During the fifties, sixties, and early to mid-seventies, WMID was the dominant Top 40 station in the Atlantic City area. In its peak years as a Top 40 station in the early to mid-seventies, it was known as "The Jersey Giant", although for a while after the introduction of gambling in Atlantic City, it labeled itself "the Lucky 13". Its play during its peak years was extremely formatted, with the number one song of the week repeated every two hours, with new songs being labeled "future giants", and, in keeping with the city's resort image, with oldies being labeled "souvenirs". The station presented a locally produced "top 40 countdown" every Monday night. The station also boasted a strong jingle package with a classic "WMID, Atlantic City" station ID at the top of the hour, with the disc jockey introduction, "From the Jersey Giant, Jackson Chase (or other disc jockey)" once an hour, with the introduction of the number one song, "WMID, Giant Play One, Play One, Play One," and with other catchy jingles, such as, "The World Comes Here to Play, 1340, WMID", "Summer at the Jersey Shore, 1340, Atlantic City, WMID". News was limited several minutes leading to the top of the hour from ABC's American Contemporary Radio. In summary, at its peak, WMID in the early to mid-seventies was one of the most professionally run and cleanly produced small to medium-market stations in the country. As AM broadcasting listenership declined in the late seventies, the station went through a series of format changes (including Adult Contemporary and Big Band) before settling on the oldies format.

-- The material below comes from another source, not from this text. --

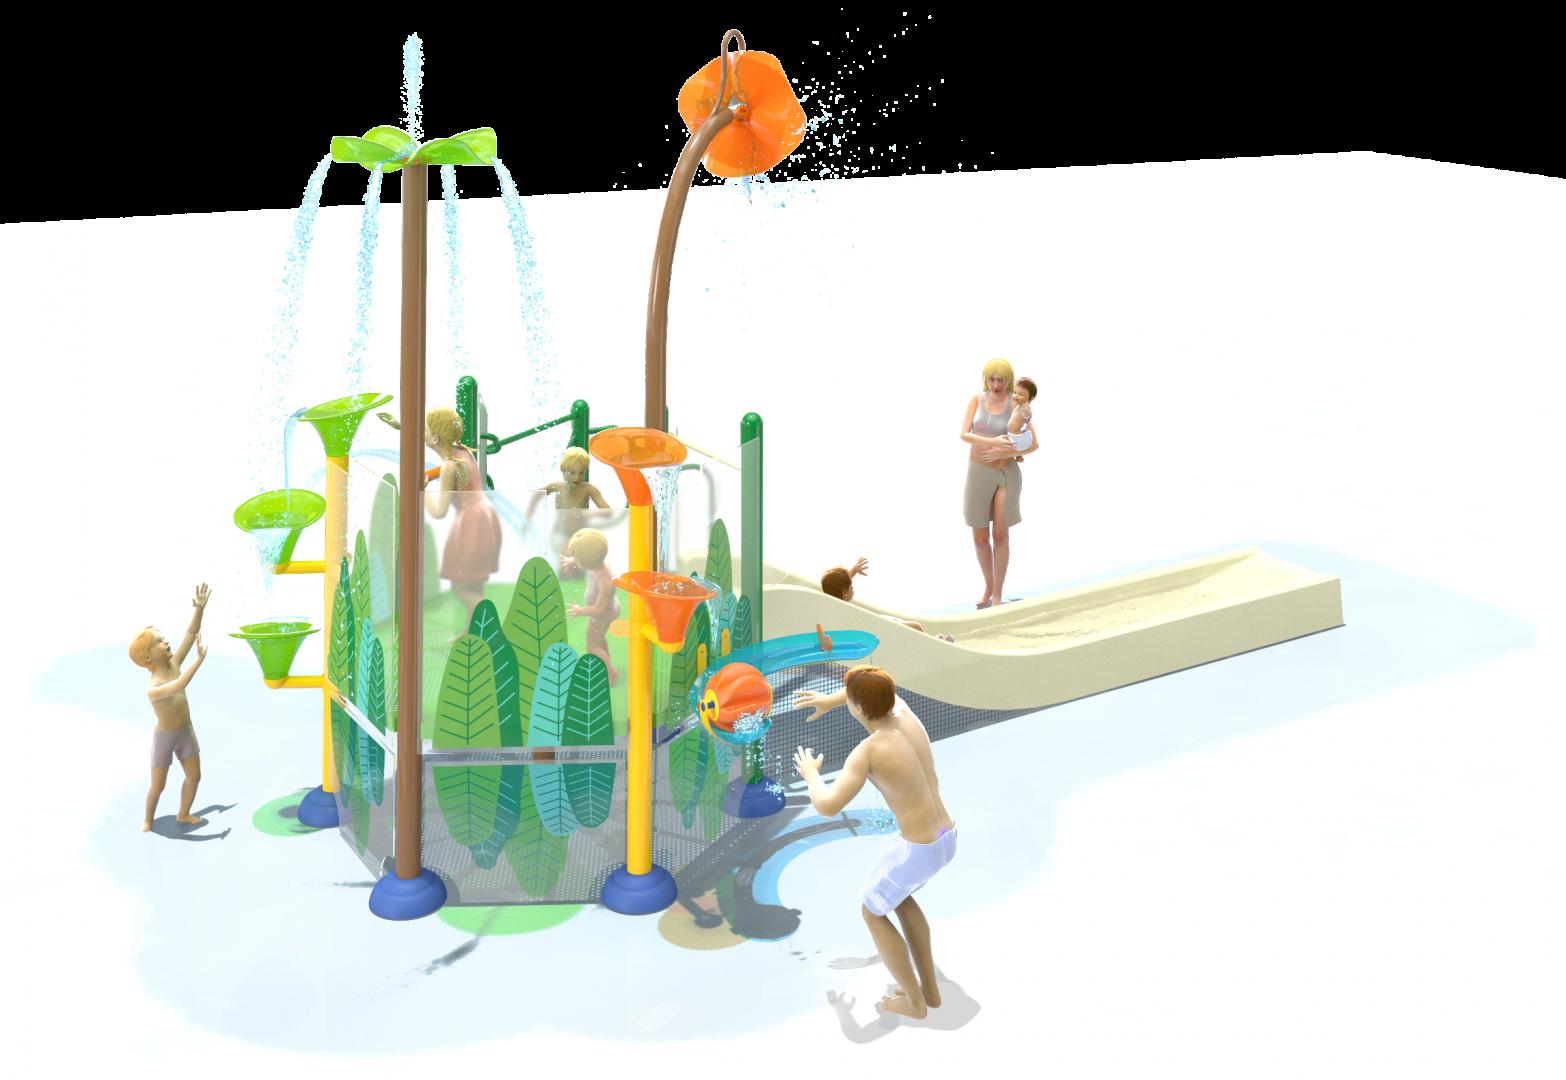 Vortex Aquatic Structure - L2-450b Elevation
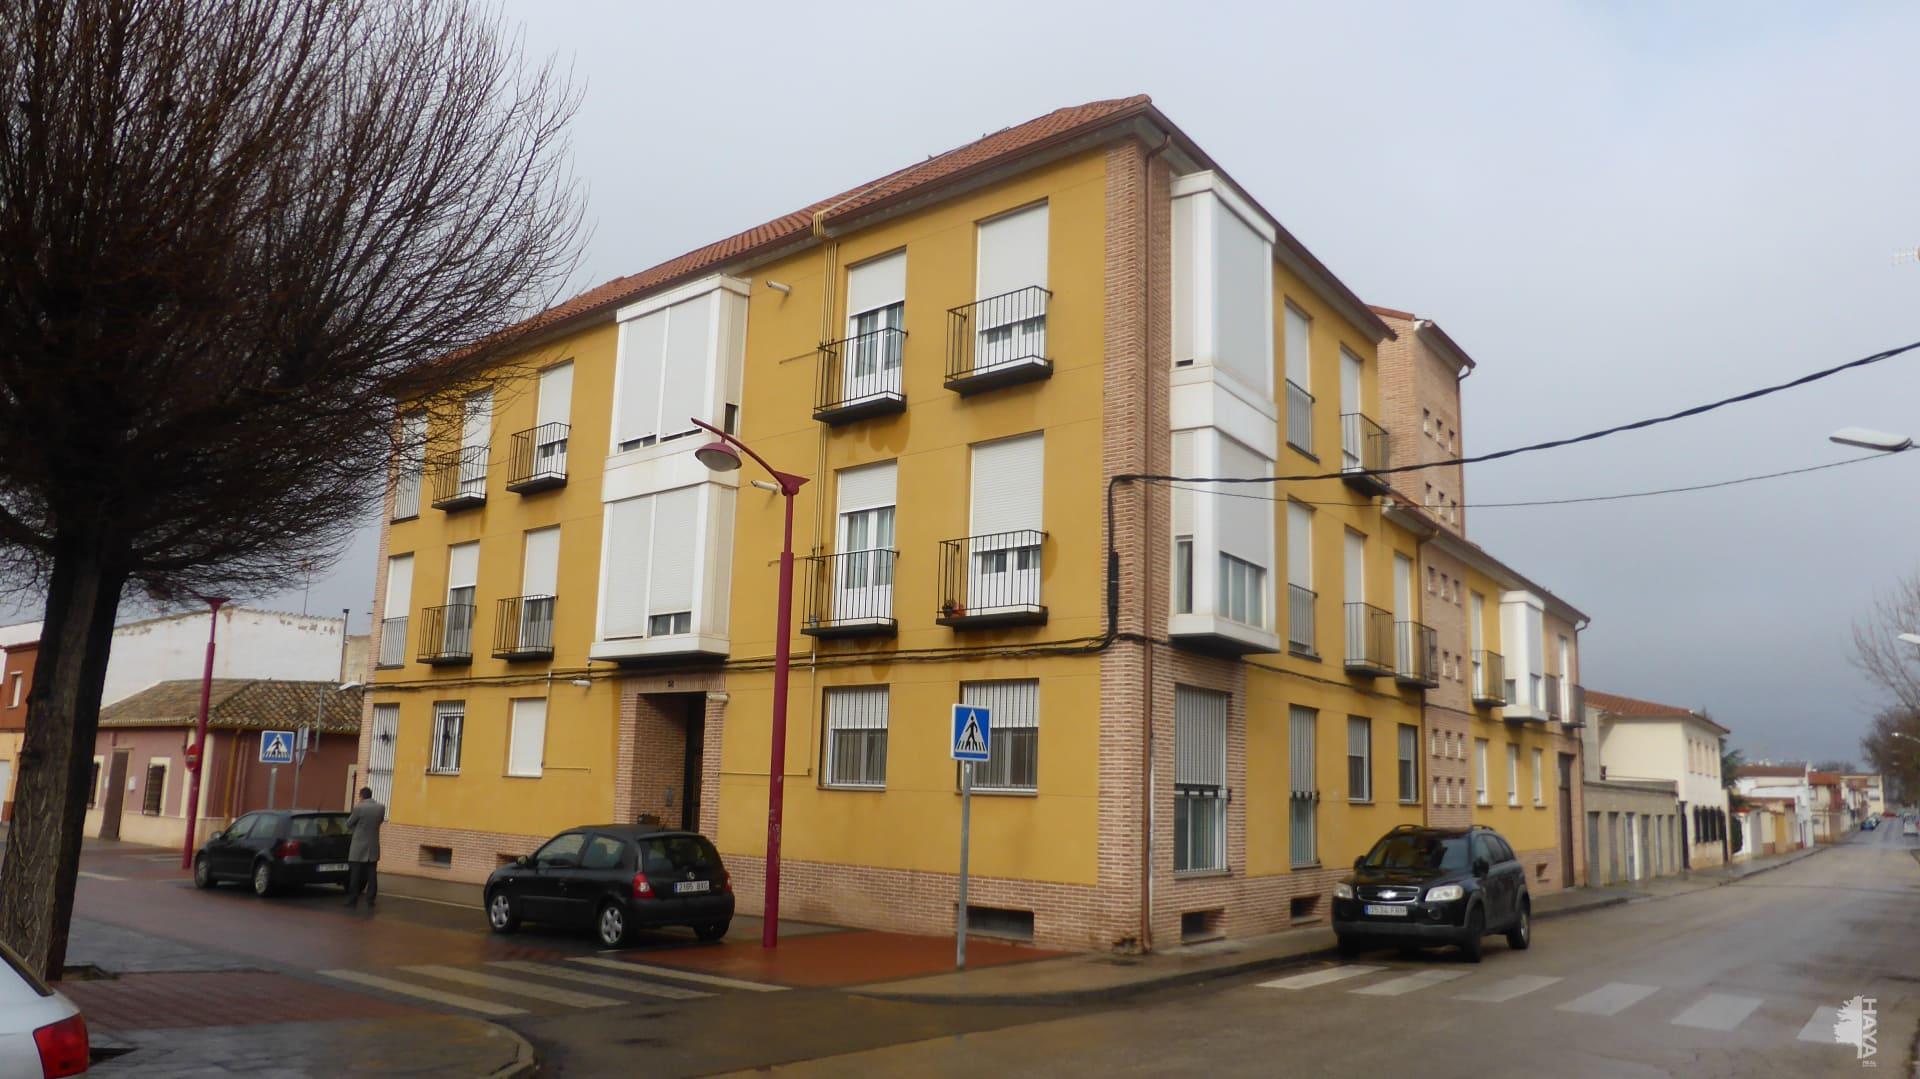 Piso en venta en Alcázar de San Juan, Ciudad Real, Calle Parque, 67.300 €, 3 habitaciones, 2 baños, 118 m2

From January 2, 2012, until March 2021, WMID was the Atlantic City affiliate for The Rush Limbaugh Show.

The station briefly aired in 2017 on W230AA at 93.9 MHz FM before W230AA switched to WSJO-HD2.

In September 2023, Equity Communications sold WMID and WCMC to Rick Brancadora under the name The Jersey Giant WMID, LLC. The sale took effect in mid-December 2023.